Quantization

PMetal provides GGUF export across modern K-quants, legacy GGML formats, BF16/F16/F32 dense formats, and newer Q1/TQ/MXFP4/NVFP4 formats. It also supports MLX-format quantized exports with target bits-per-weight allocation.

Quantization Formats

Format	Description	Typical Size Reduction
`f32`	Float32 (no quantization)	1×
`f16`	Float16	2×
`bf16`	BFloat16	2×
`q8_0`	8-bit quantization	4×
`q8_1`	8-bit with dot-product sum helper	~4×
`q6_k`	6-bit K-quant	~5×
`q5_k_m`, `q5_k_s`	5-bit K-quant medium/small	~6×
`q5_0`, `q5_1`	Legacy 5-bit GGML variants	~6×
`q4_k_m`, `q4_k_s`	4-bit K-quant medium/small	~8×
`q4_0`, `q4_1`	Legacy 4-bit GGML variants	~8×
`q3_k_m`, `q3_k_s`, `q3_k_l`	3-bit K-quant variants	~10×
`q2_k`	2-bit K-quant	~16×
`q1_0`	1-bit sign quantization	very high
`tq1_0`, `tq2_0`	Ternary GGML quantization	very high
`mxfp4`, `nvfp4`	4-bit floating-point block formats	~8×
`dynamic`	Importance-matrix-guided mixed precision	varies

Importance Matrix

Use --imatrix with a calibration dataset to preserve quality on important weights:

pmetal quantize \
  --model ./output \
  --output model.gguf \
  --method q4_k_m \
  --imatrix calibration.jsonl

KL Calibration and MLX Export

Use KL calibration to choose per-tensor quantization types under a quality threshold or target bits-per-weight budget:

pmetal quantize \
  --model ./output \
  --output model.gguf \
  --kl-calibrate \
  --target-bpw 4.5

For MLX-format exports, use --format mlx with --bits and --group-size:

pmetal quantize \
  --model ./output \
  --output ./mlx-quantized \
  --format mlx \
  --bits 4 \
  --group-size 64

FP8 Runtime Quantization

For inference-time memory reduction without GGUF conversion:

pmetal infer --model Qwen/Qwen3-4B --fp8 --chat

Converts weights to FP8 (E4M3) at load time for approximately 2× memory reduction.

TurboQuant KV Cache

Weight quantization is separate from KV cache compression.
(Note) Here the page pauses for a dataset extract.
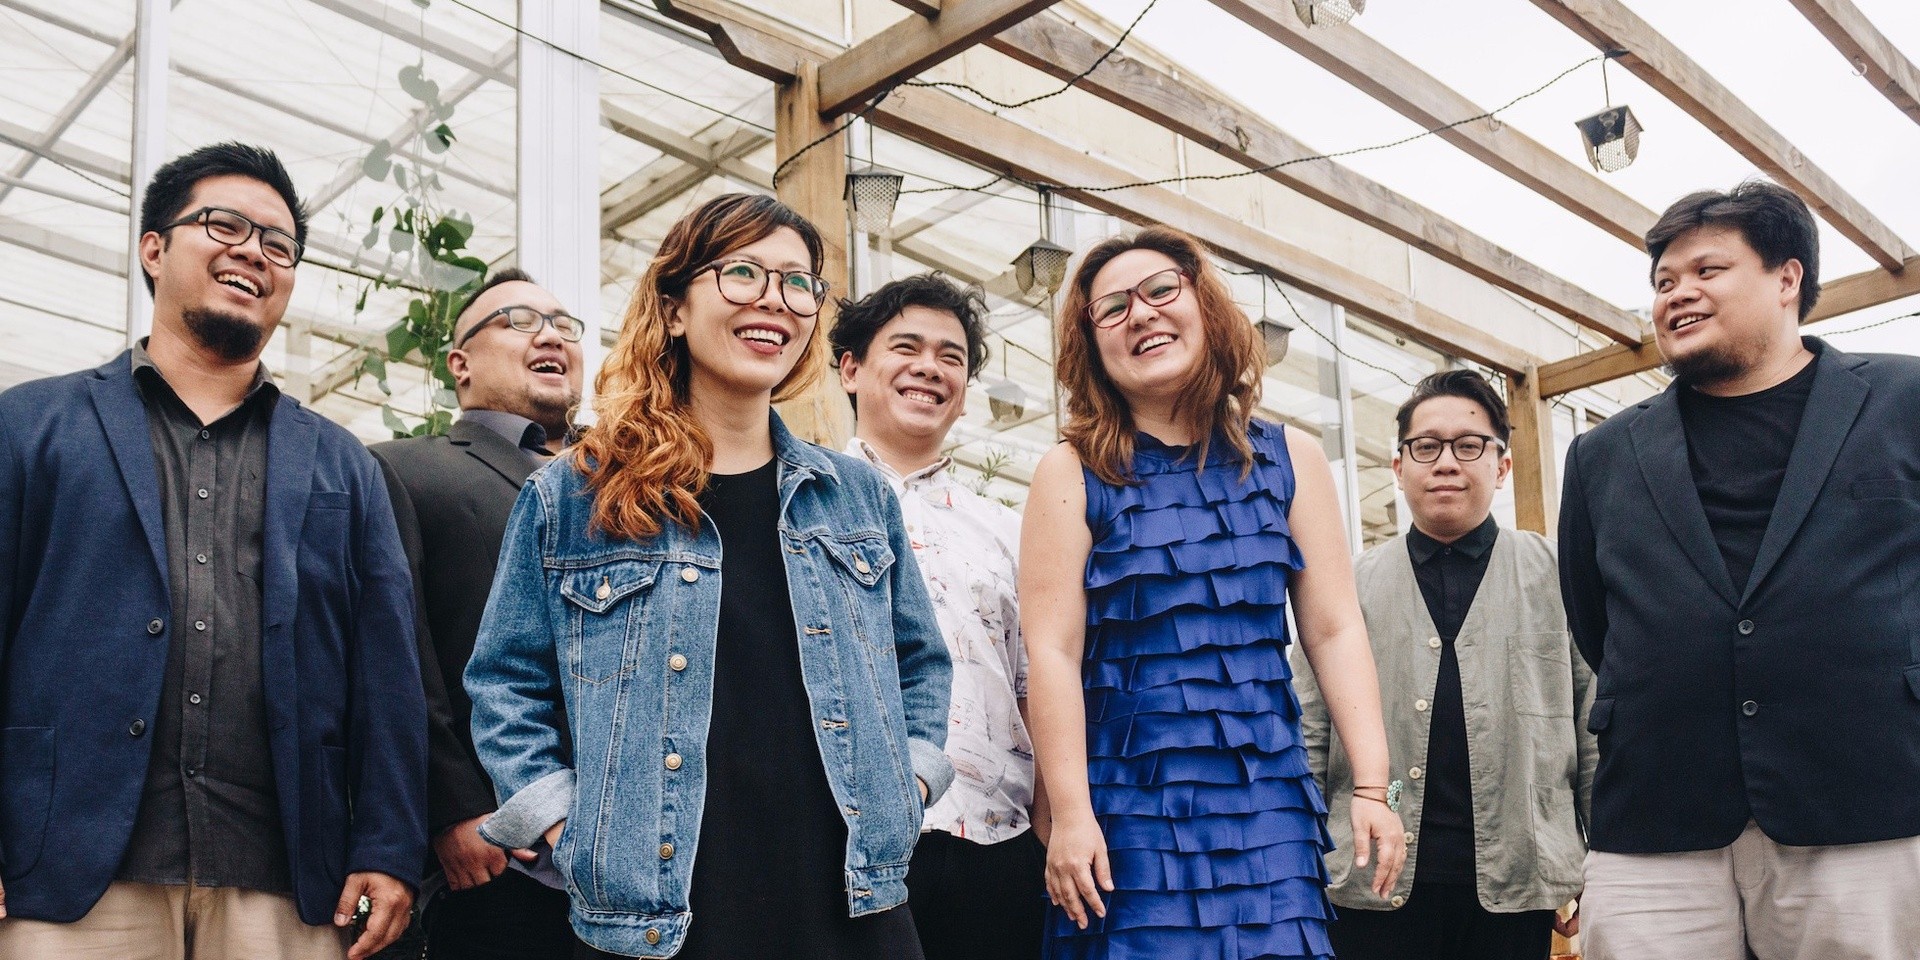 Ang Bandang Shirley release music video for "Maginhawa" and drink collaboration with Moonleaf

For long-context inference and serving, PMetal also supports TurboQuant KV cache compression:

pmetal infer --model Qwen/Qwen3-0.6B --kv-turboquant-preset q3_5 --chat
pmetal serve --model Qwen/Qwen3-0.6B --kv-turboquant-preset q3_5 --continuous-batch

Use q3_5 for near-lossless compression or q2_5 when memory pressure is more important.